Your goal: Without including any images, repeat the listing below exactly.

Data provided:
--- START ---

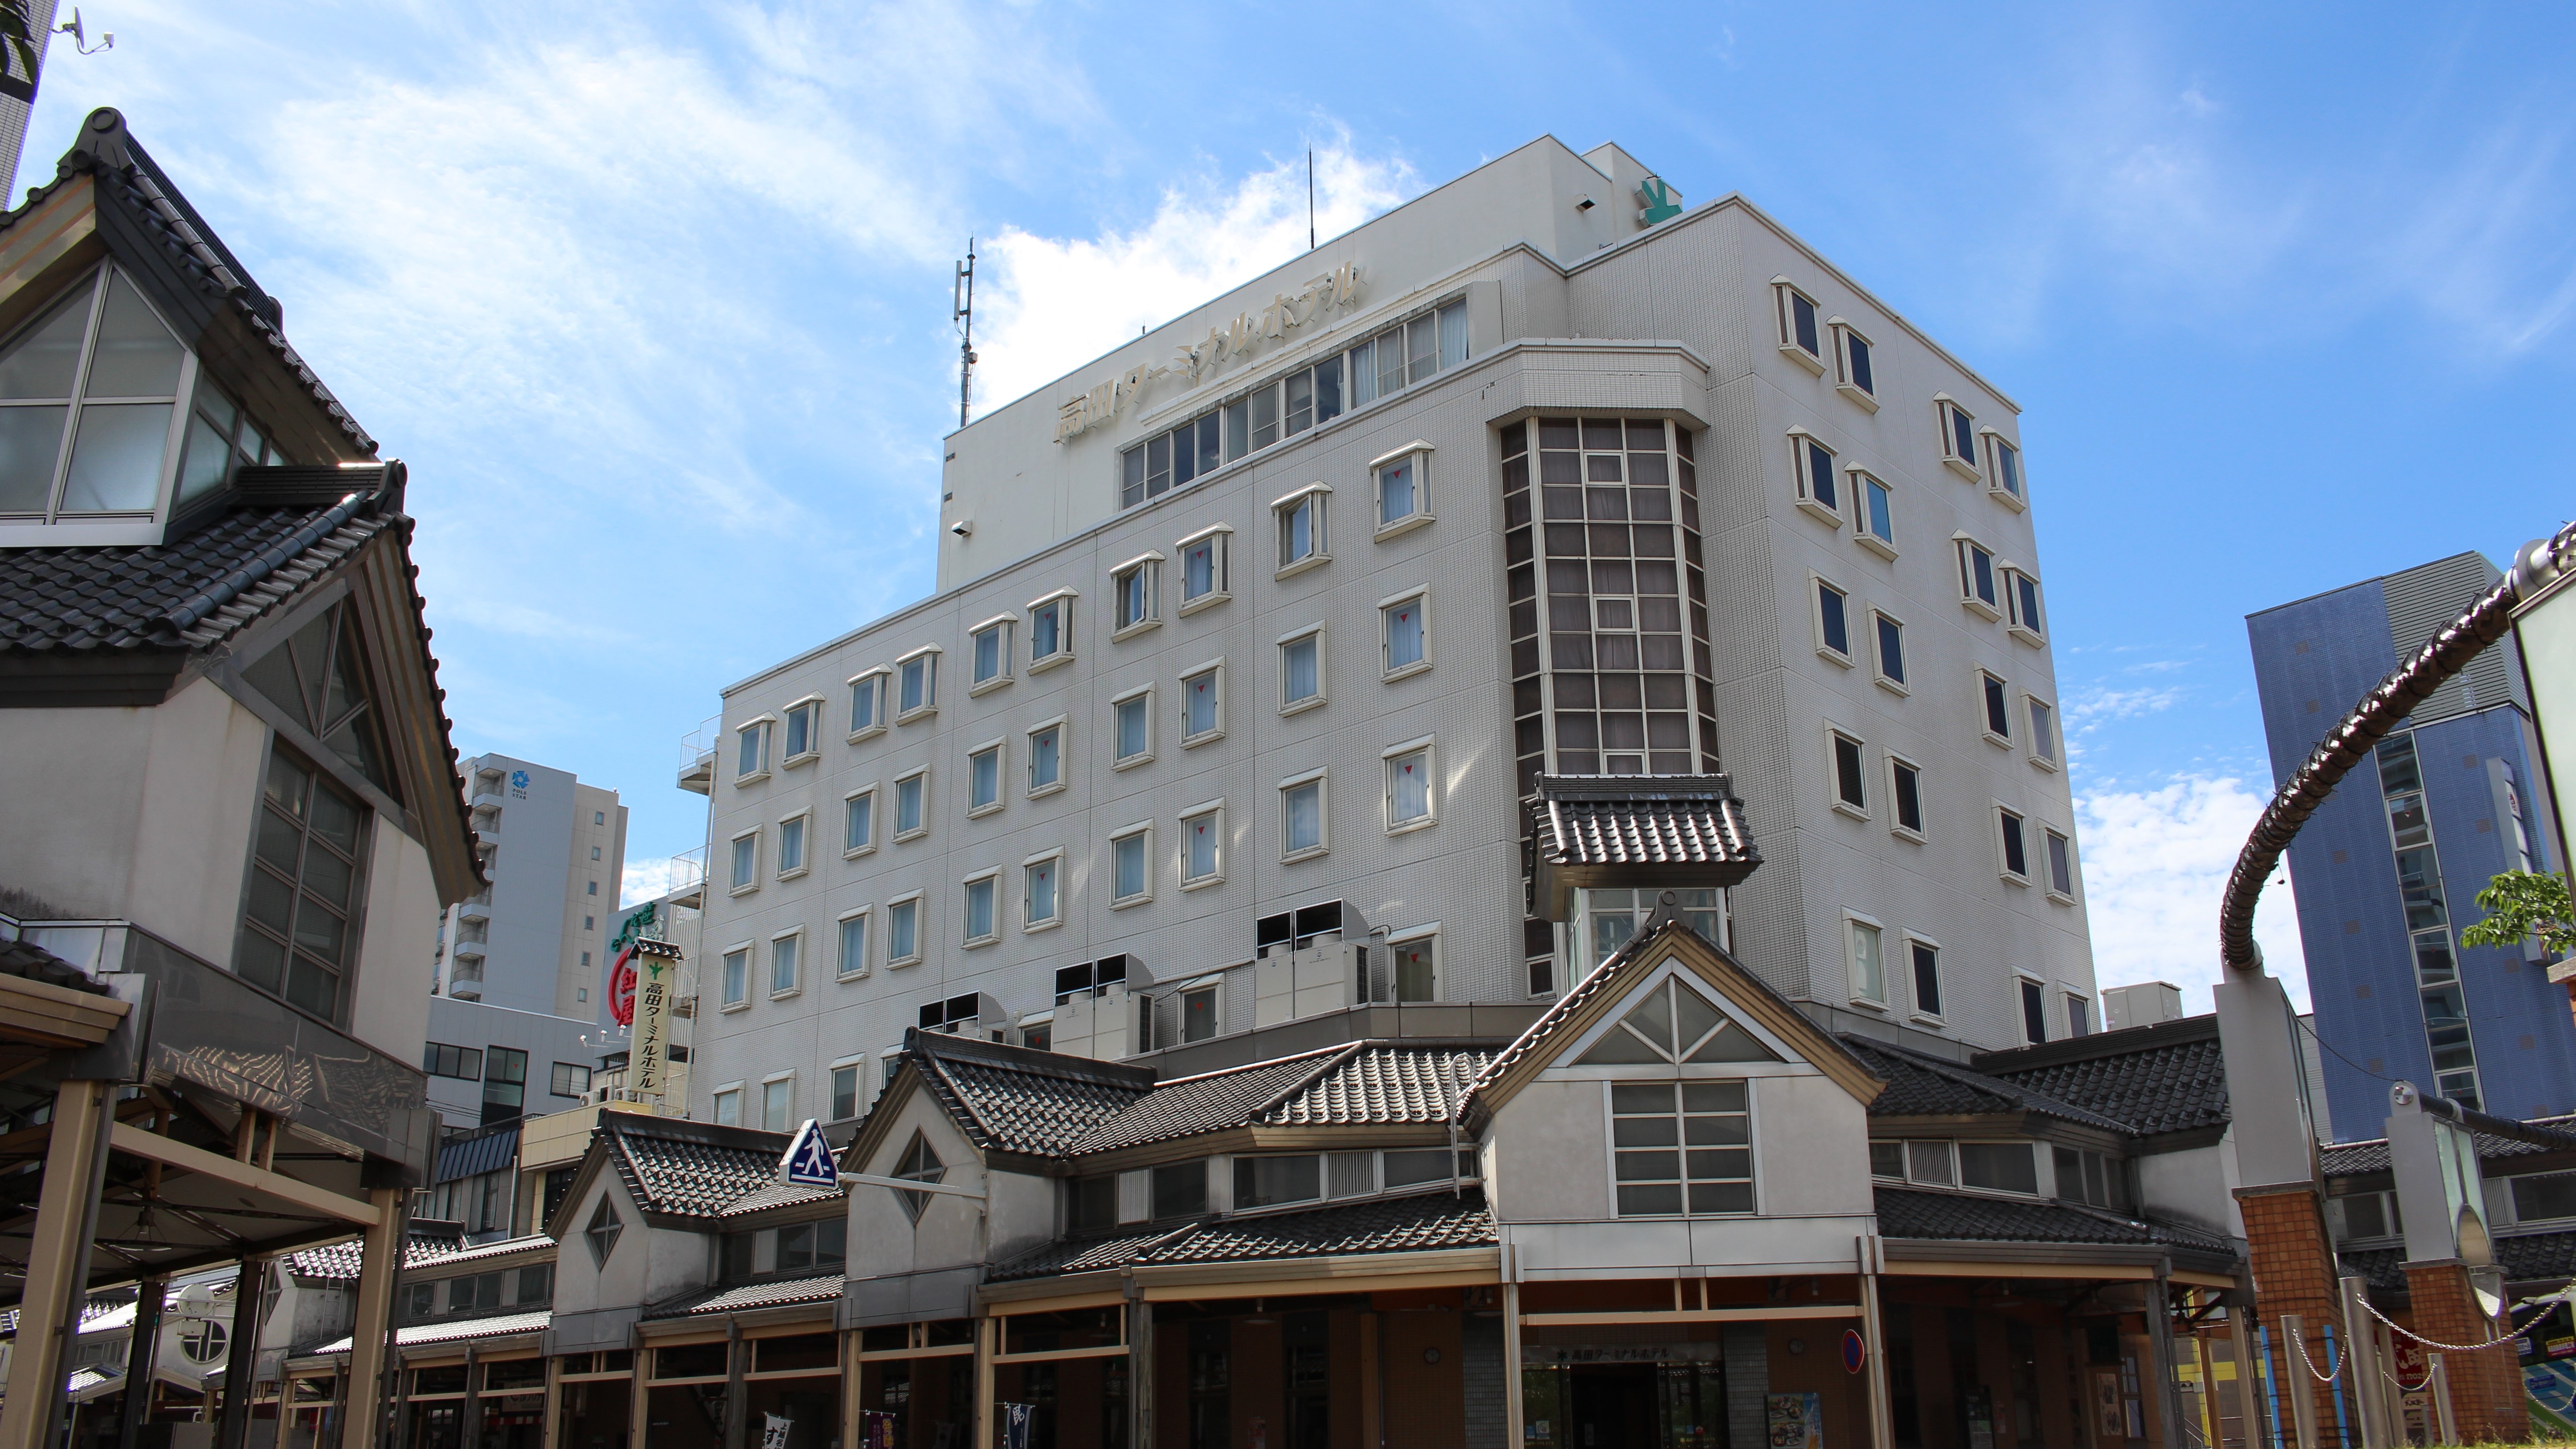 「天地人」の舞台になった春日山城と鮫ケ尾城の観光におすすめの格安ホテル
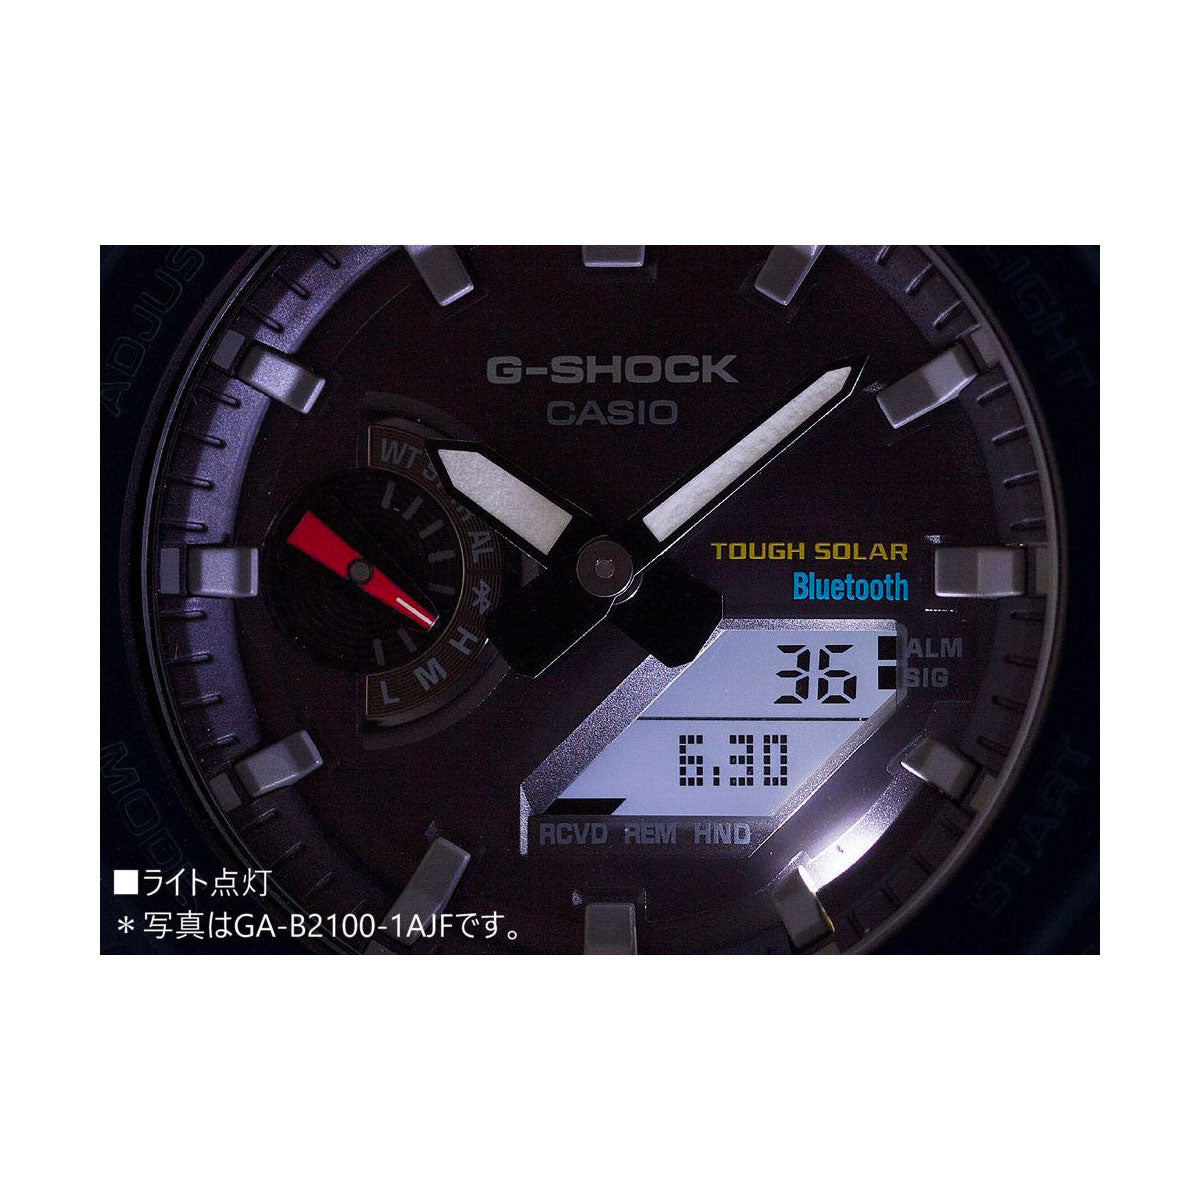 G-SHOCK ソーラー カシオ Gショック CASIO 腕時計 メンズ GA-B2100-1AJF タフソーラー スマートフォンリンク オールブラック
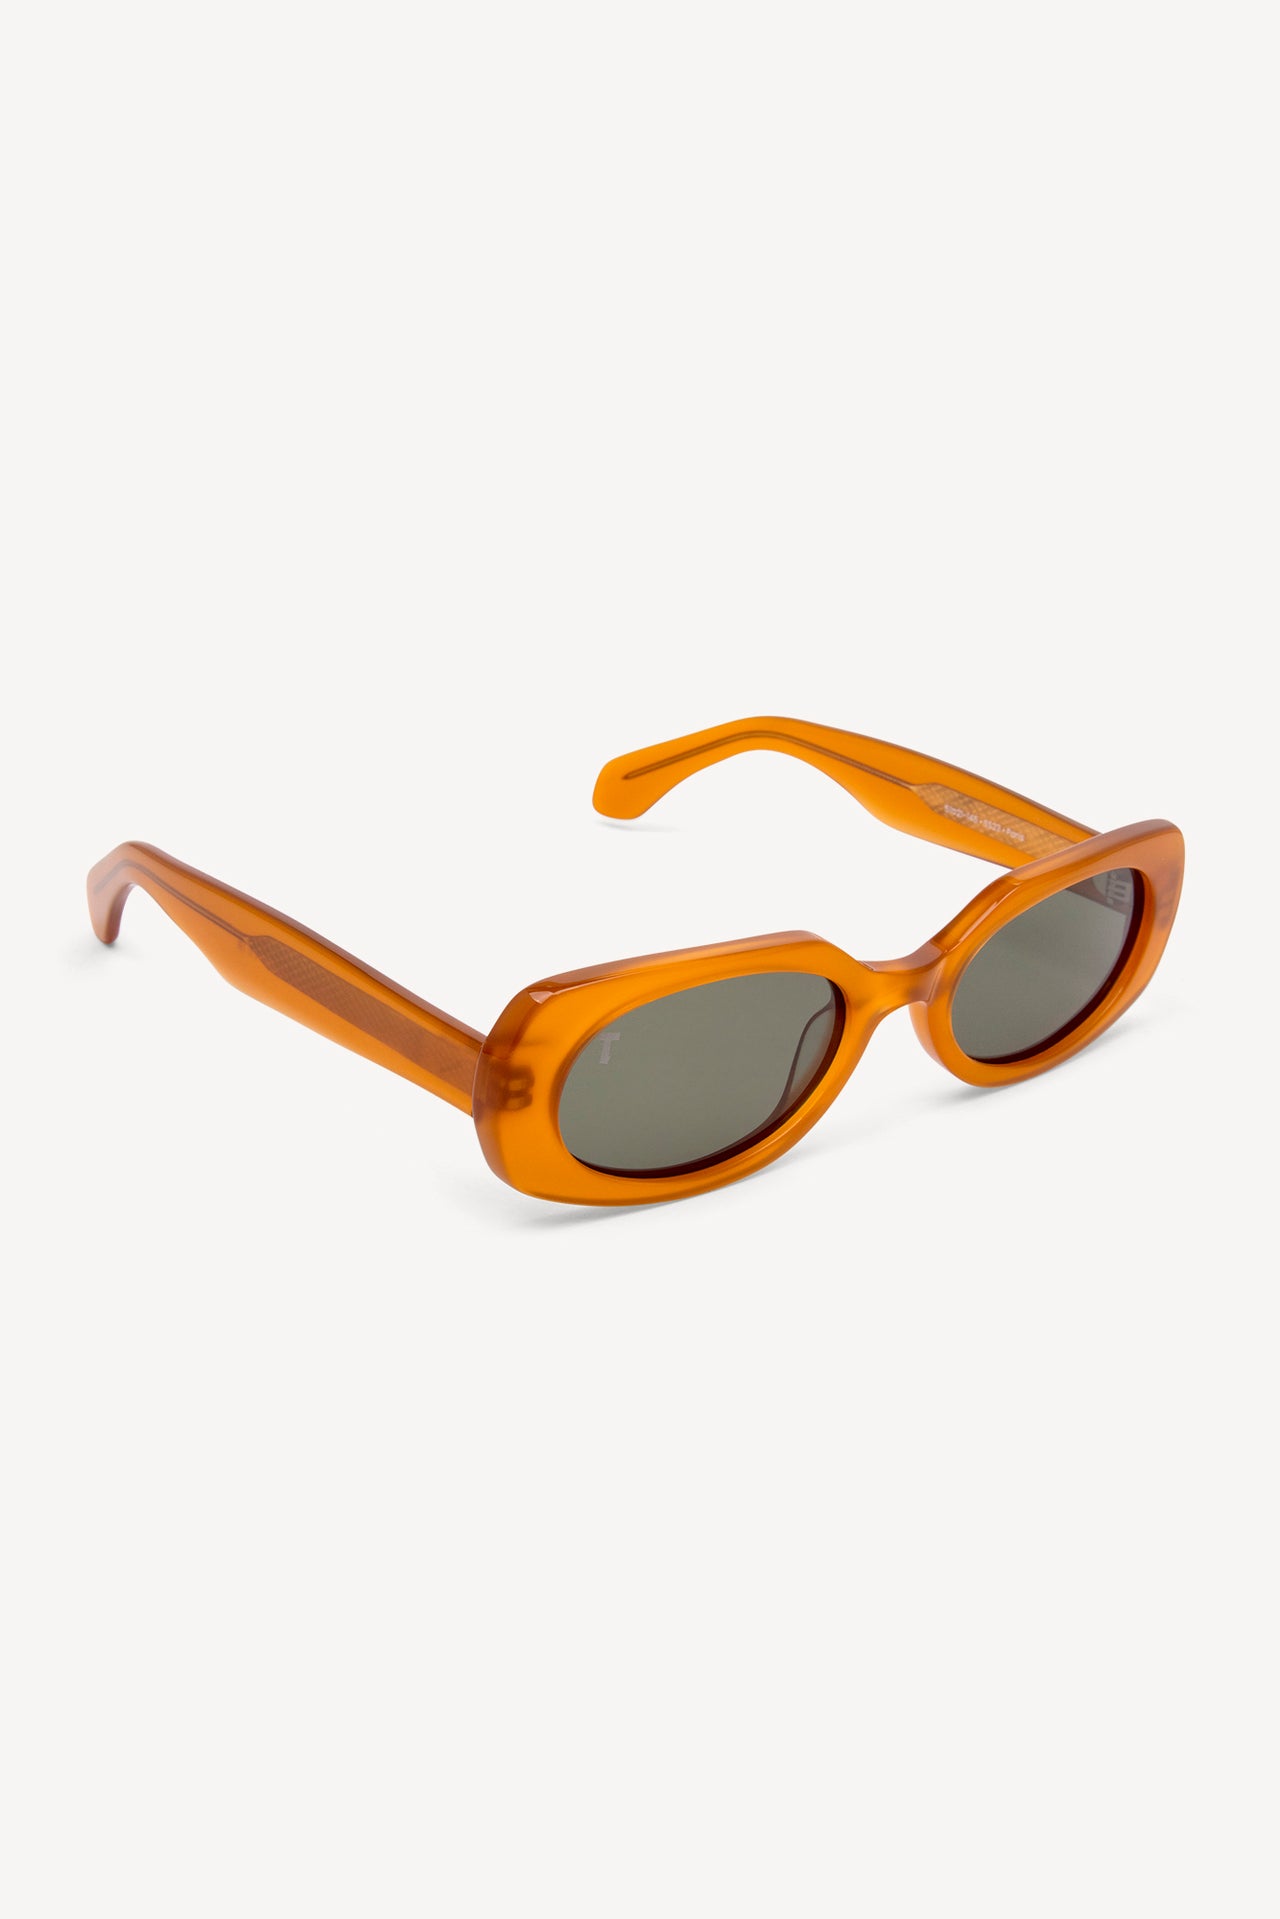 TOATIE Paris Rectangular Sunglasses ORANGE/GREEN

--- END ---

Output:
 「天地人」の舞台になった春日山城と鮫ケ尾城の観光におすすめの格安ホテル
 G-SHOCK ソーラー カシオ Gショック CASIO 腕時計 メンズ GA-B2100-1AJF タフソーラー スマートフォンリンク オールブラック
 TOATIE Paris Rectangular Sunglasses ORANGE/GREEN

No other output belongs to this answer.